* **Required work**
Begin at the line containing "Candy Cloud Compact Mirror - Daisy" and retype each line through the end of the records exactly. Include nothing else and no pictures.

[Opening Data records section]

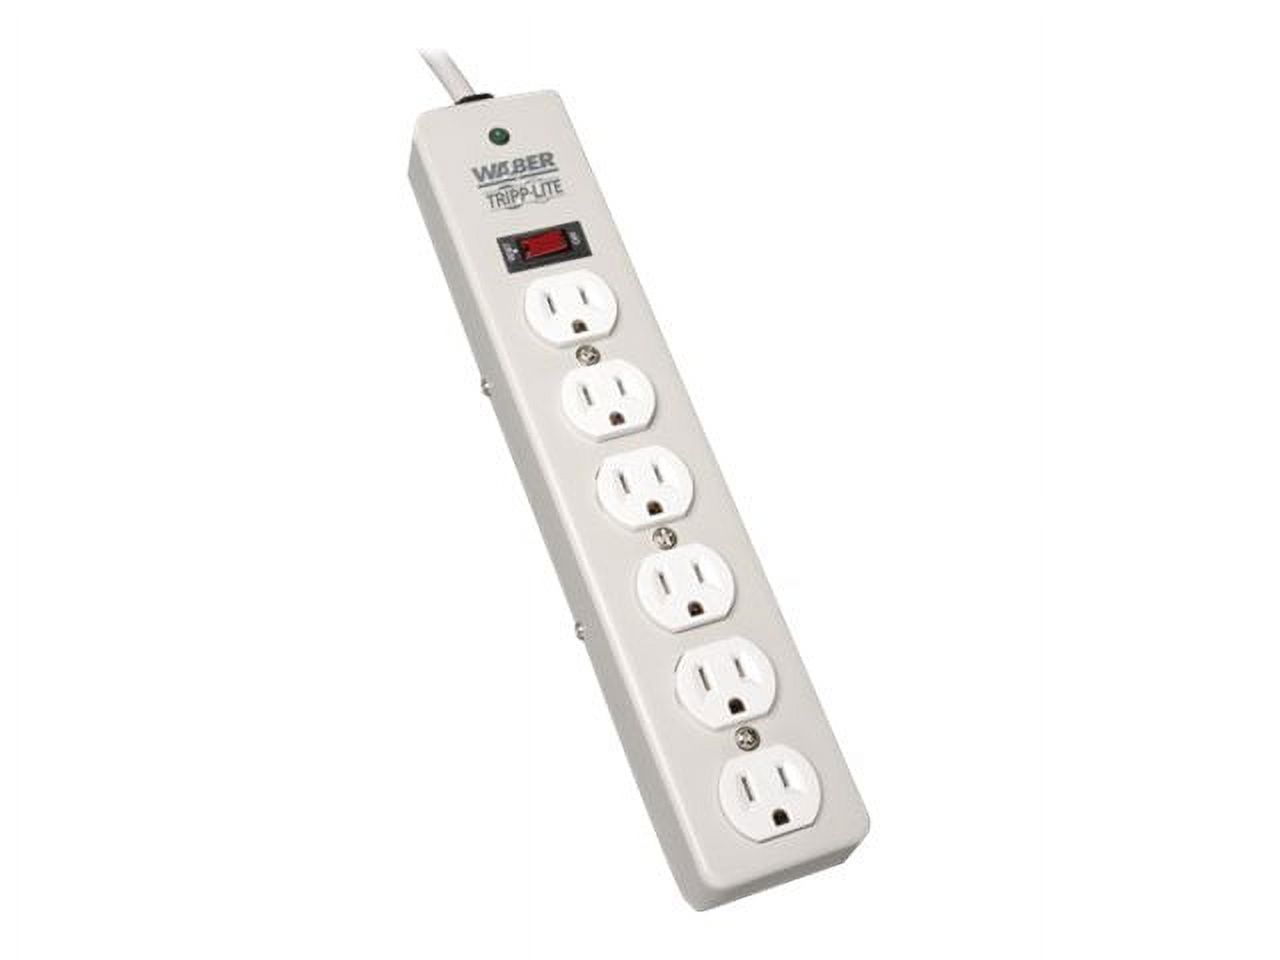 Tripp Lite Waber Surge Protector Strip 6 outlet 6' Cord 2100 Joules - Surge protector - 15 A - AC 120 V - 1.8 kW - output connectors: 6 - gray - image 1 of 5
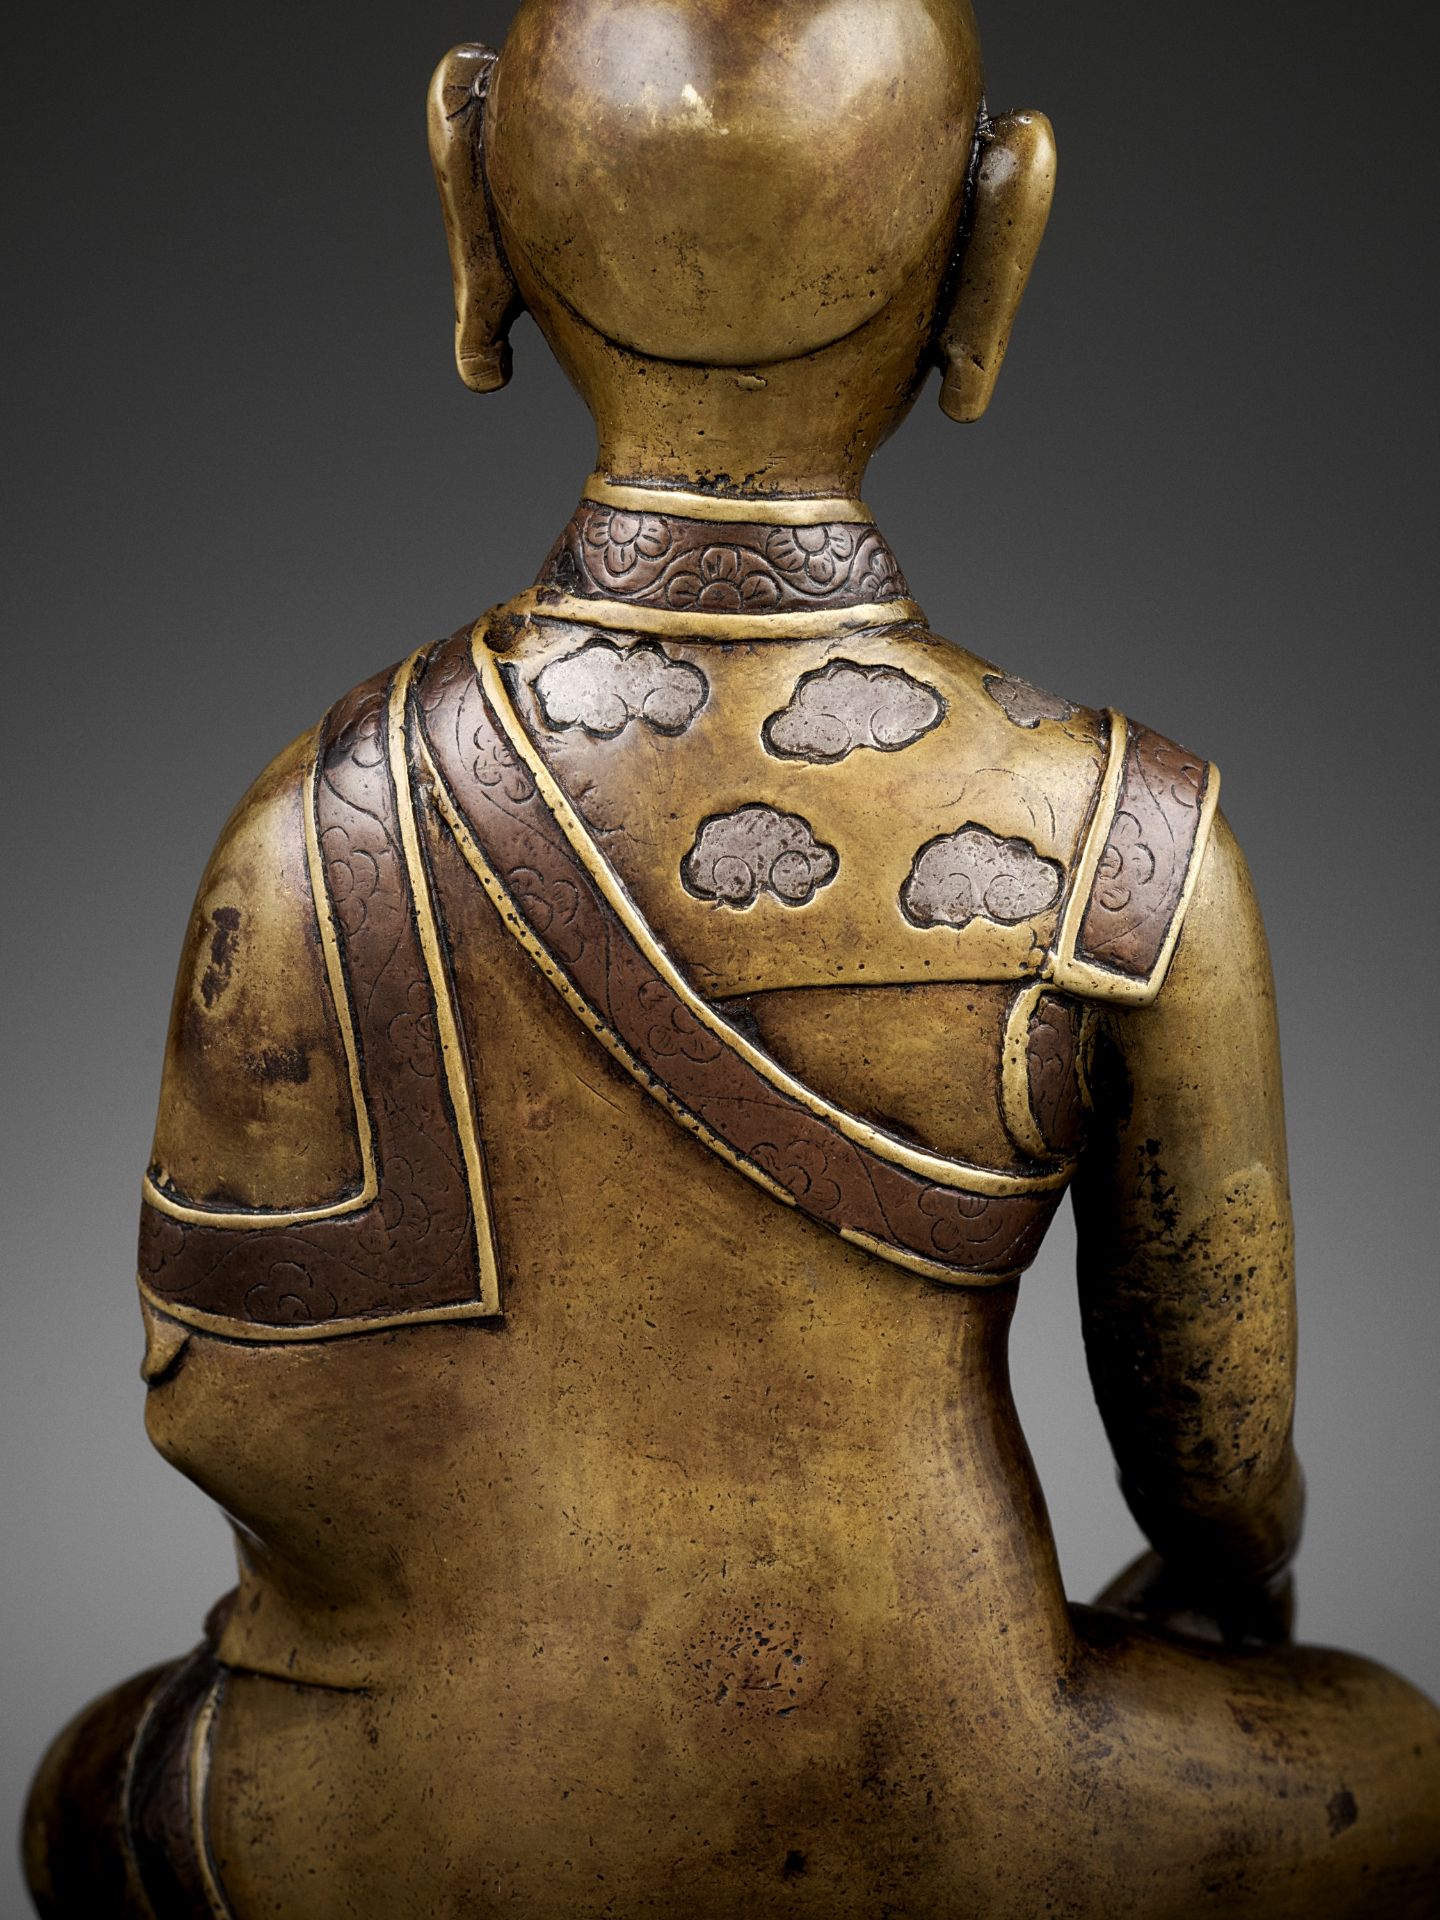 A PORTRAIT BRONZE OF A MONK, COPPER- AND SILVER-INLAID, 16TH-18TH CENTURY - Image 3 of 12
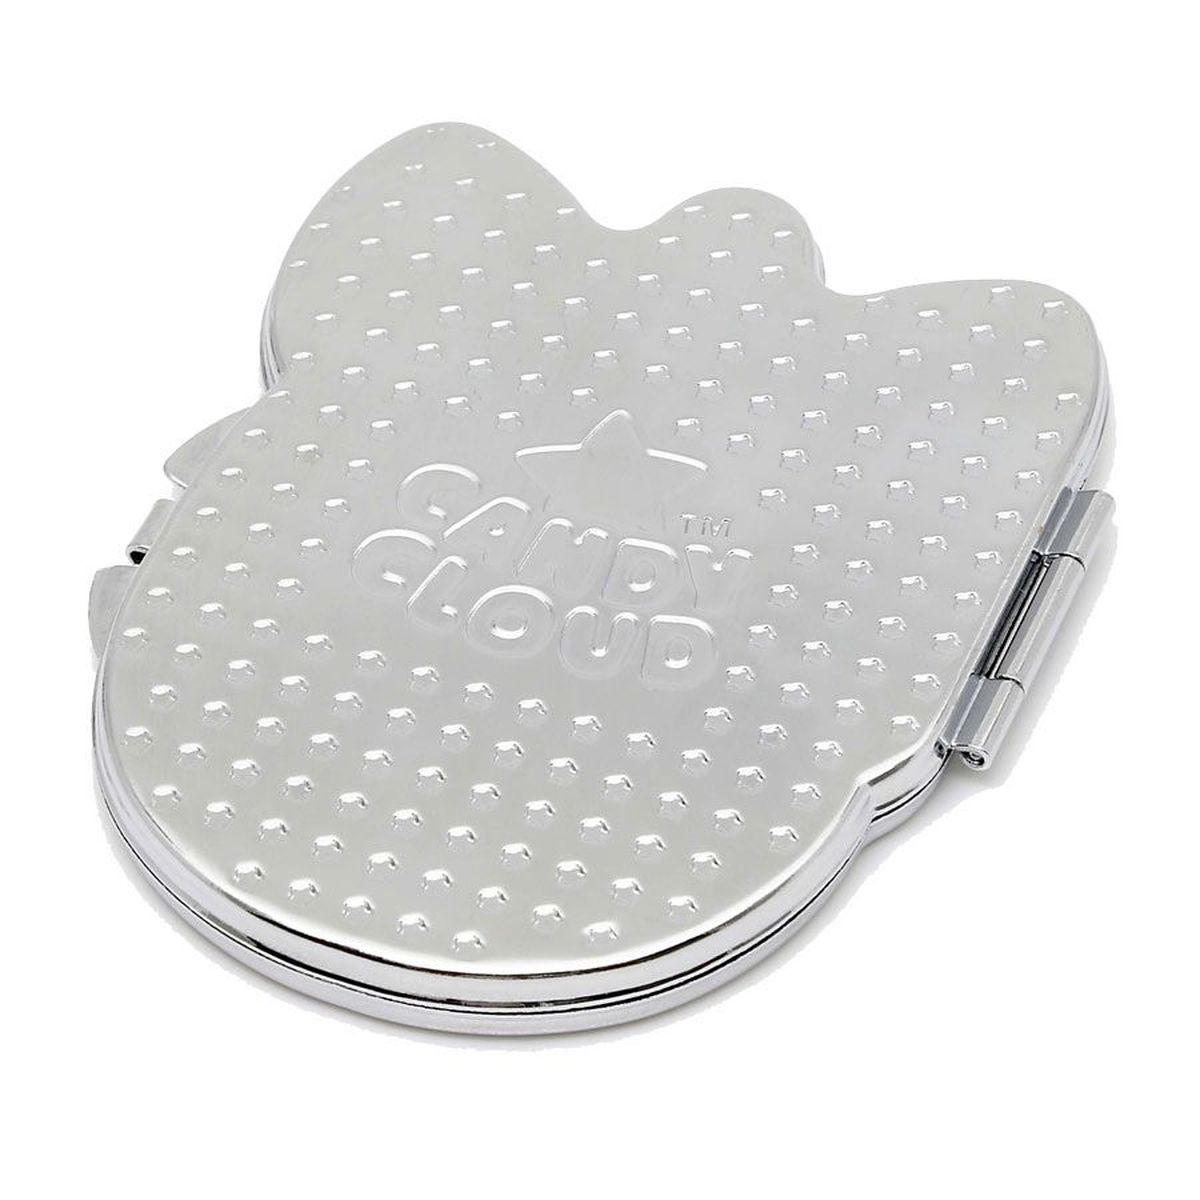 Candy Cloud Compact Mirror - Daisy
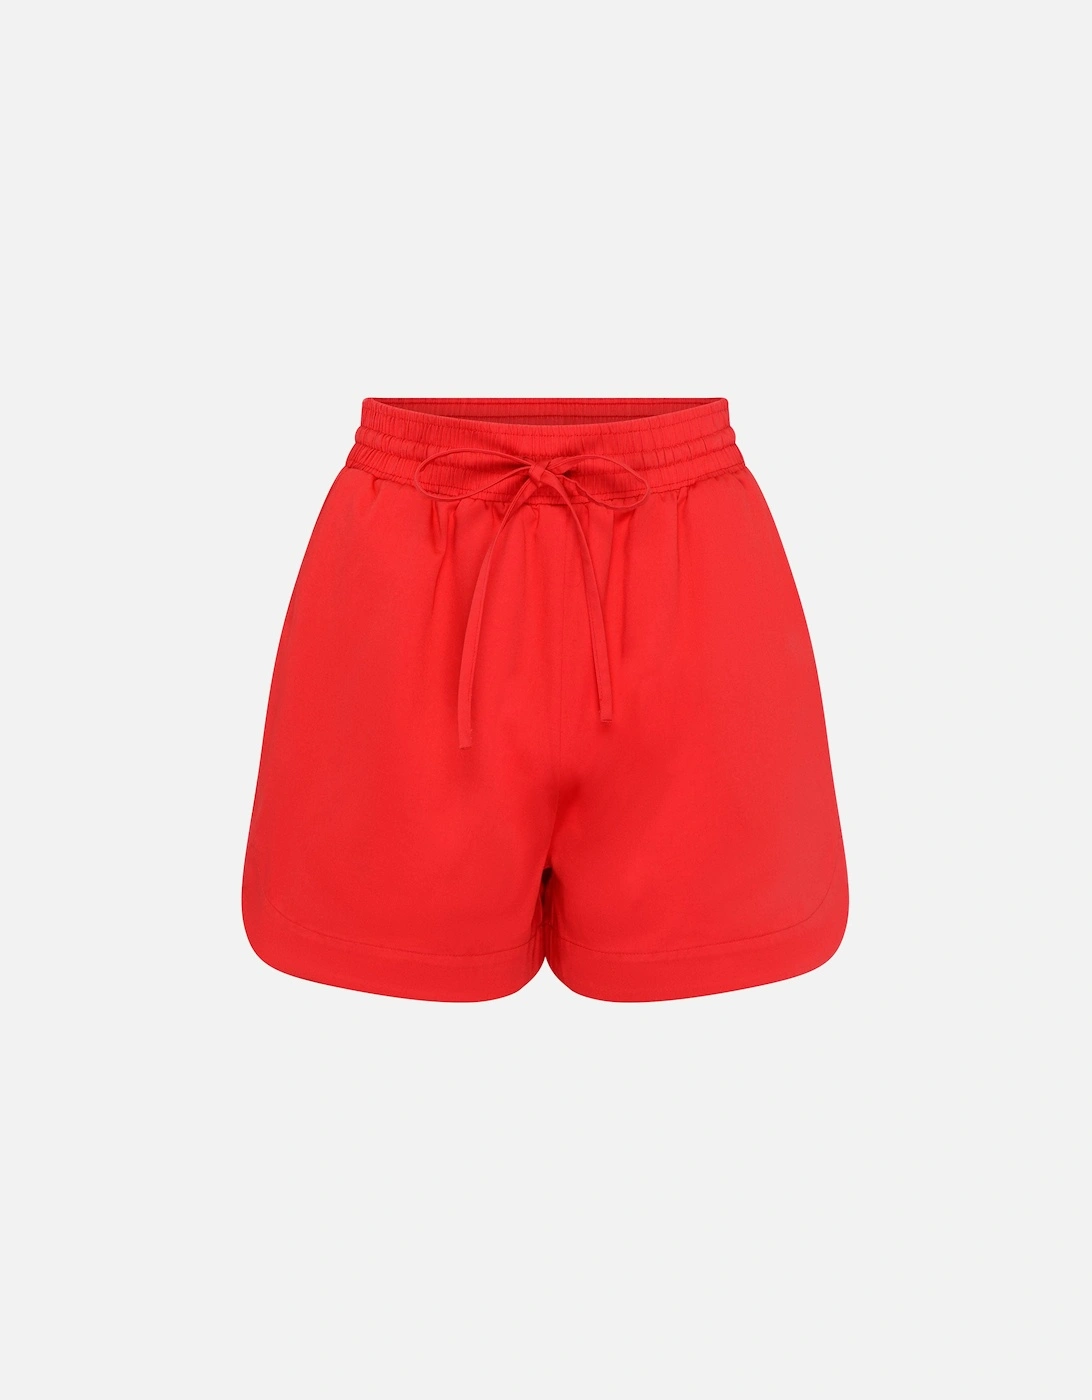 Sunny Shorts in Red
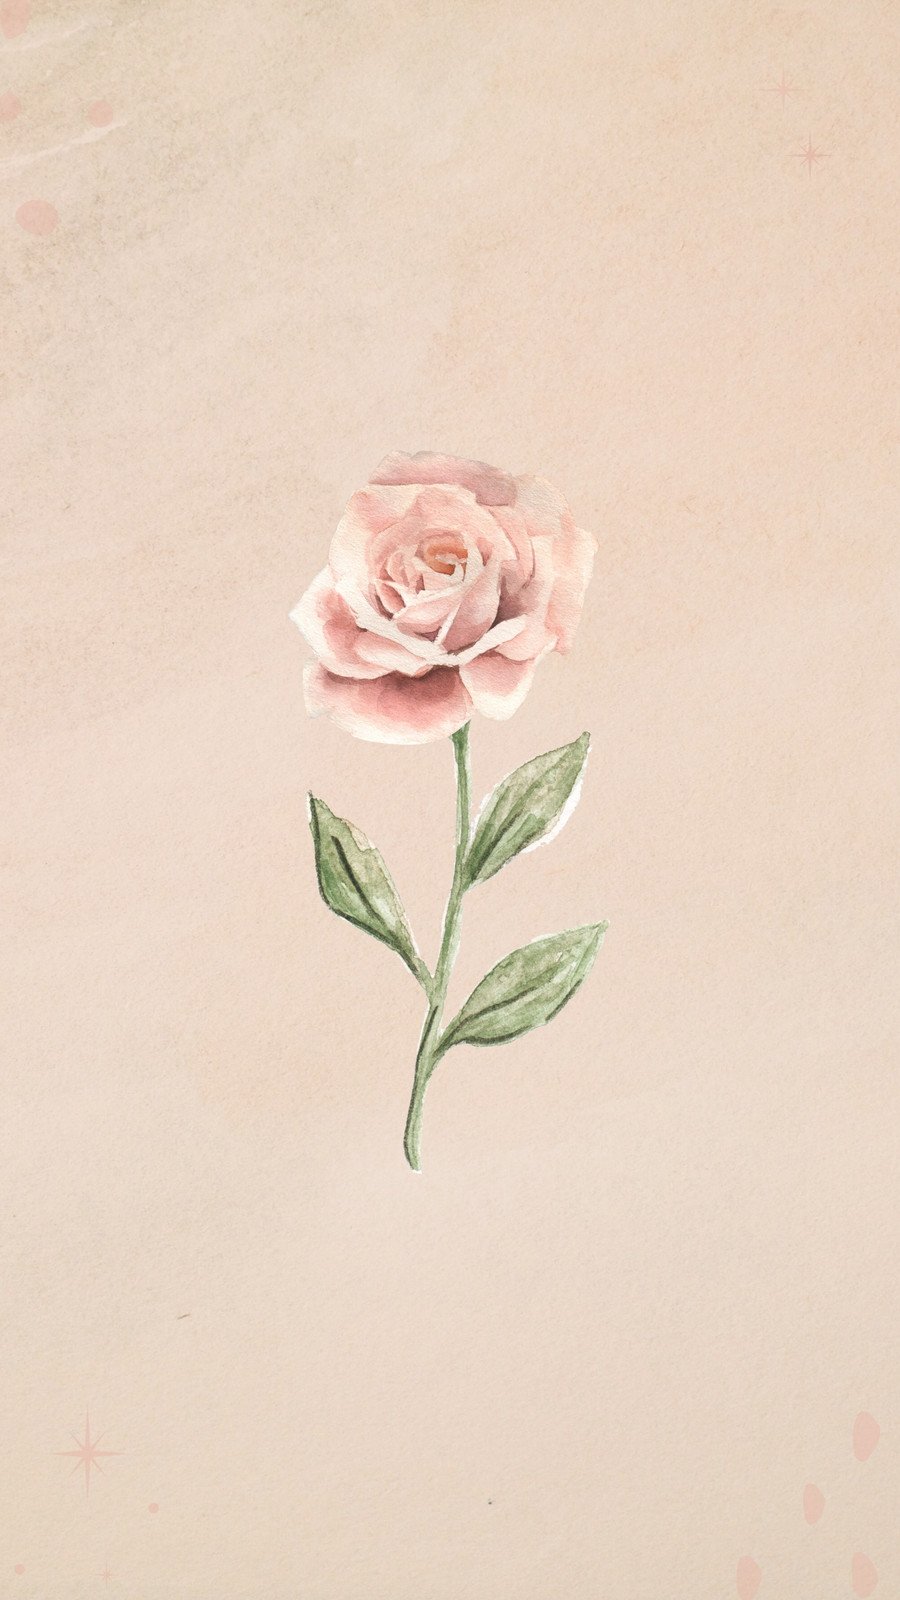 pink roses wallpaper for iphone

[Closing Data records section]

* **Solution for this task**
 Candy Cloud Compact Mirror - Daisy
 Sunny Shorts in Red
 pink roses wallpaper for iphone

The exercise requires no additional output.